[Data below Boundary: Start]

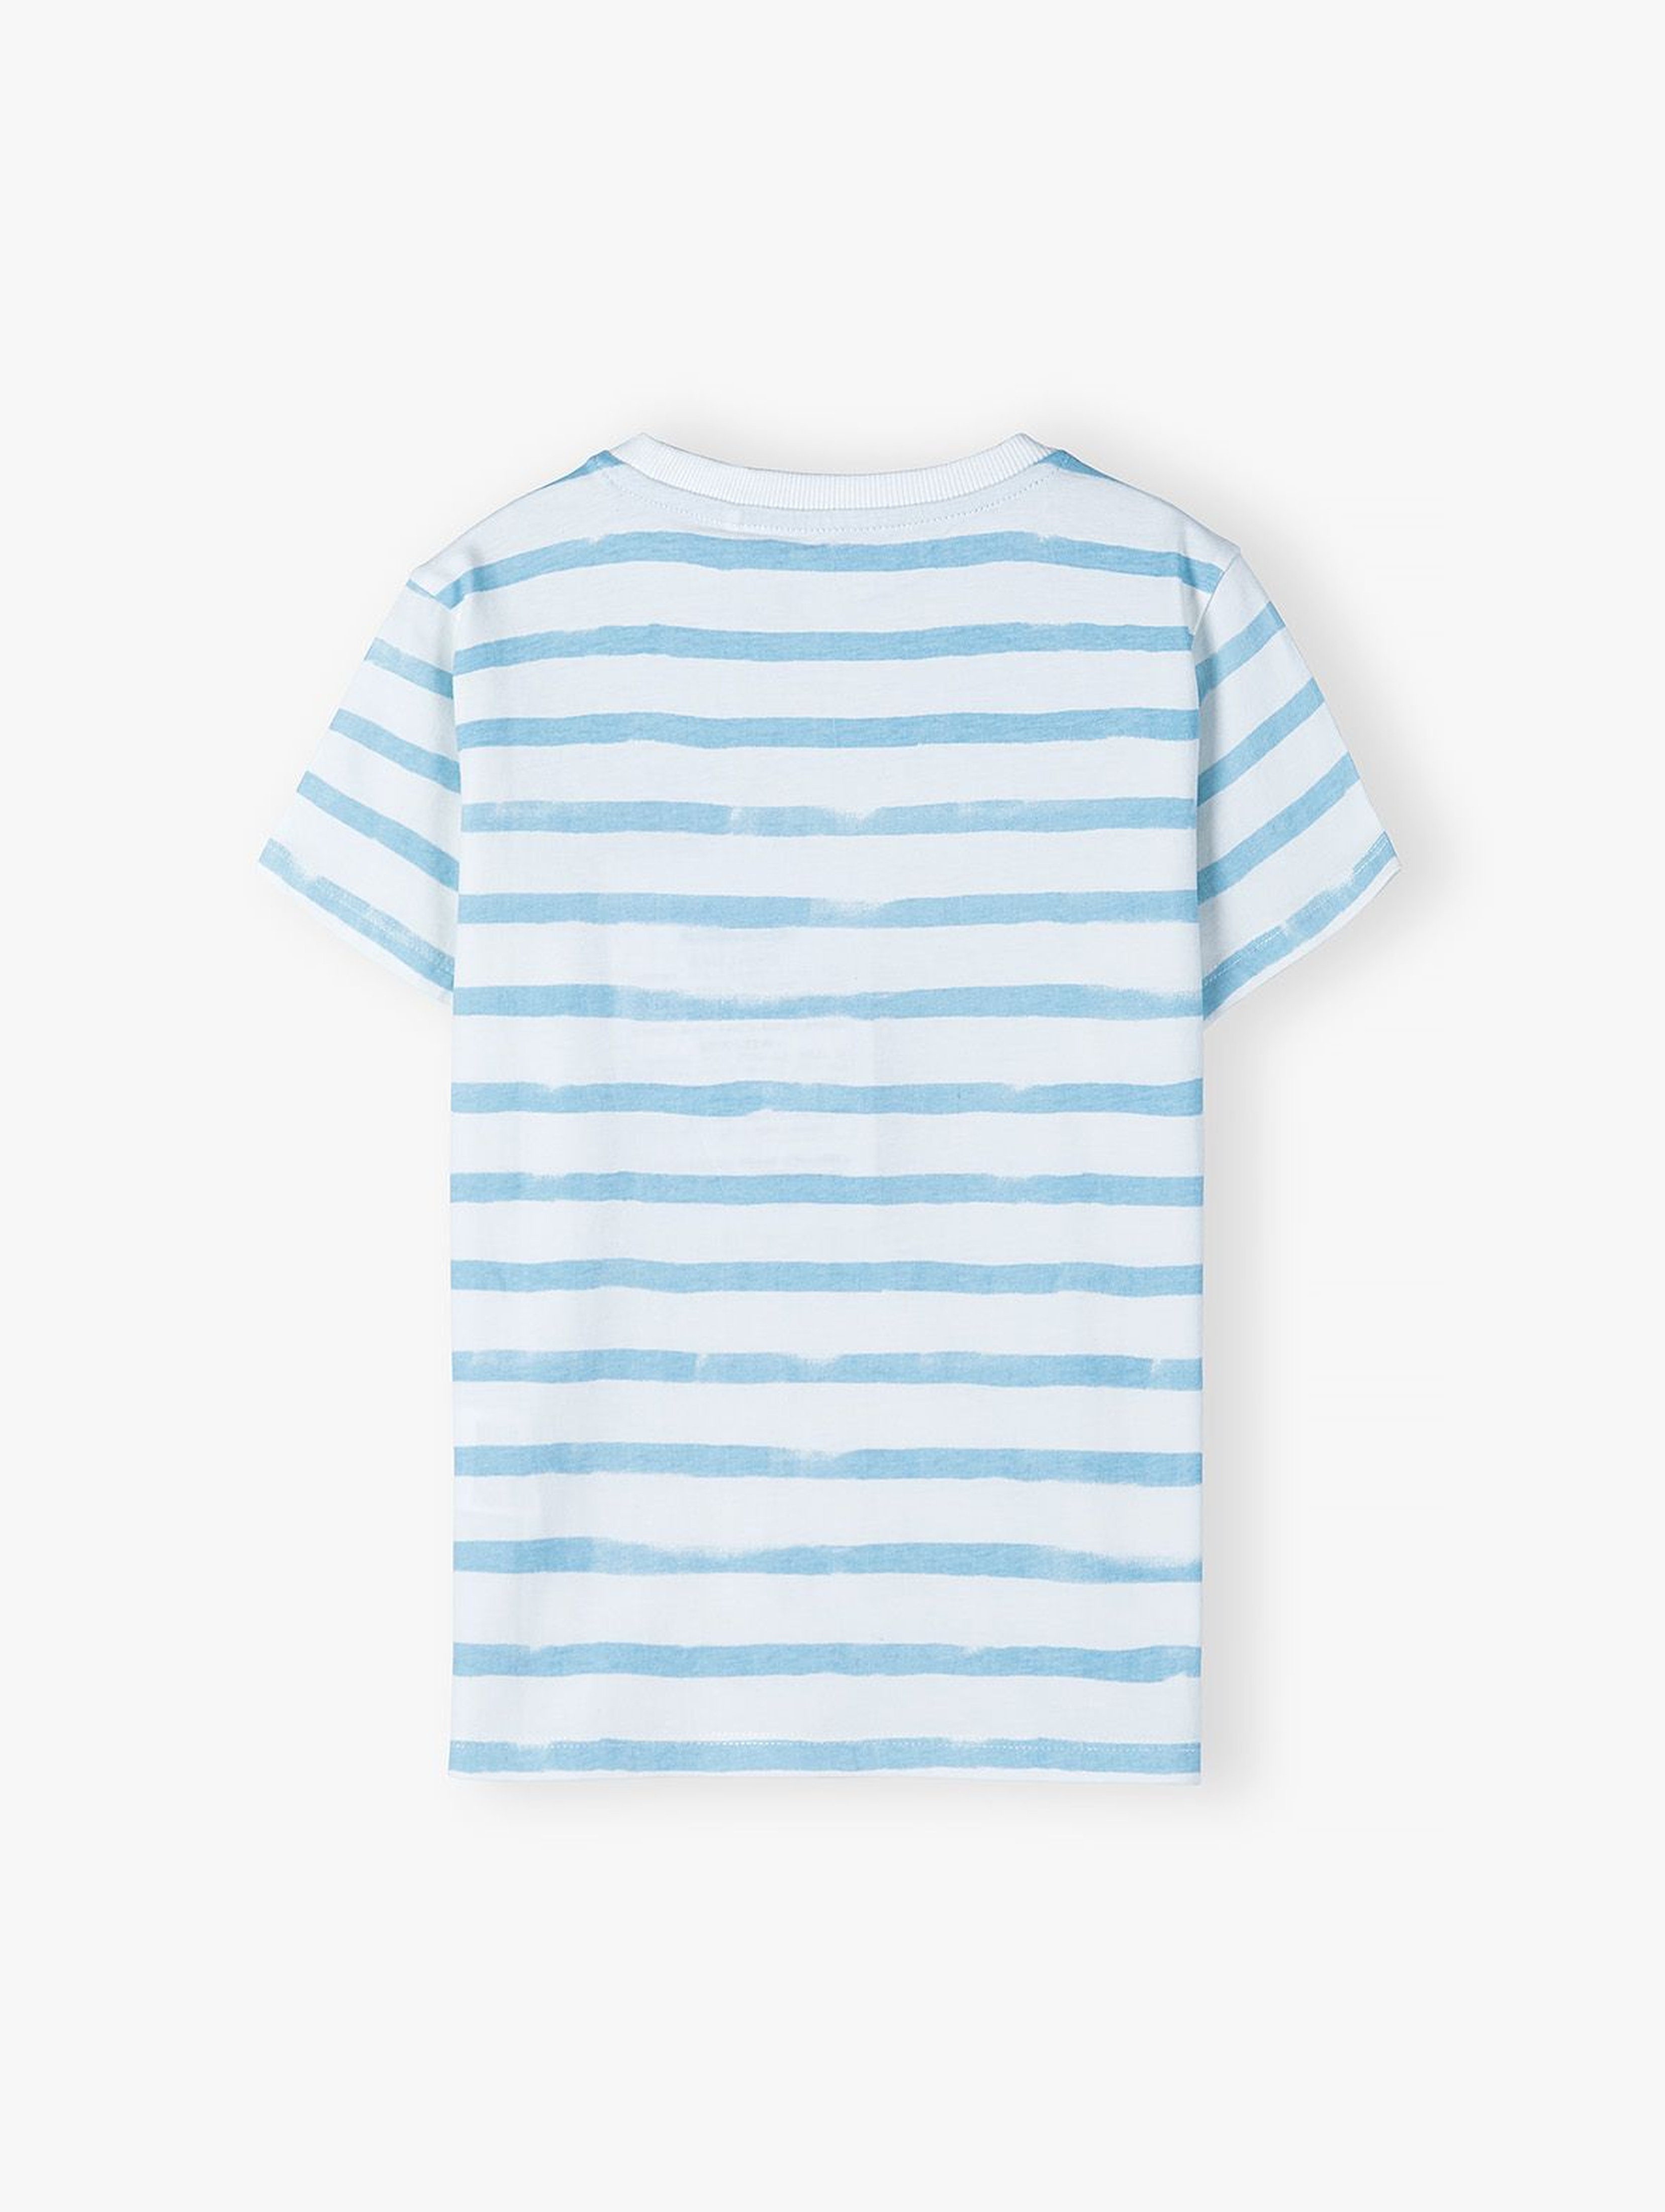 Dzianinowy T-shirt w błękito - białe pasy
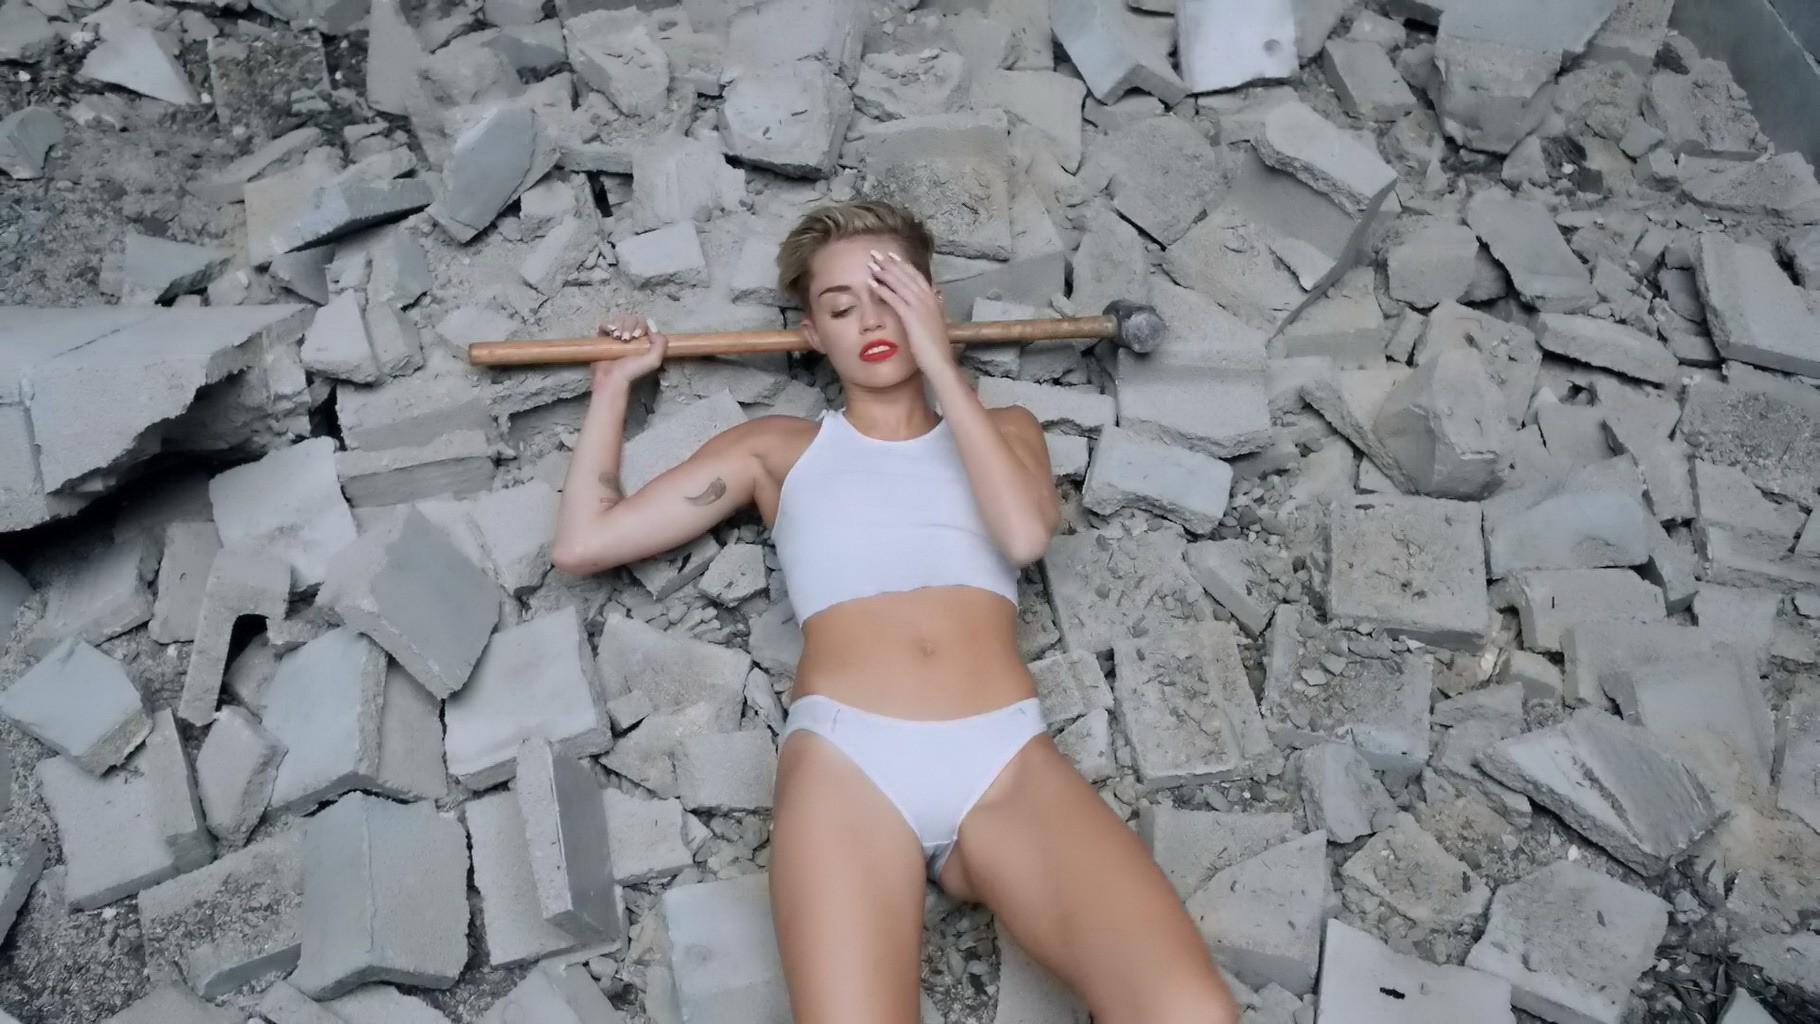 Miley cyrus muestra su cuerpo totalmente desnudo durante el rodaje del video musical wrecking ball
 #75219388

[Data below Boundary: End]

• How to complete this task:
The lines from the one containing "Miley cyrus muestra" up to and including the last line of the material above are to be given again exactly; any pictures are dropped.

• Completed task:
 Miley cyrus muestra su cuerpo totalmente desnudo durante el rodaje del video musical wrecking ball
 #75219388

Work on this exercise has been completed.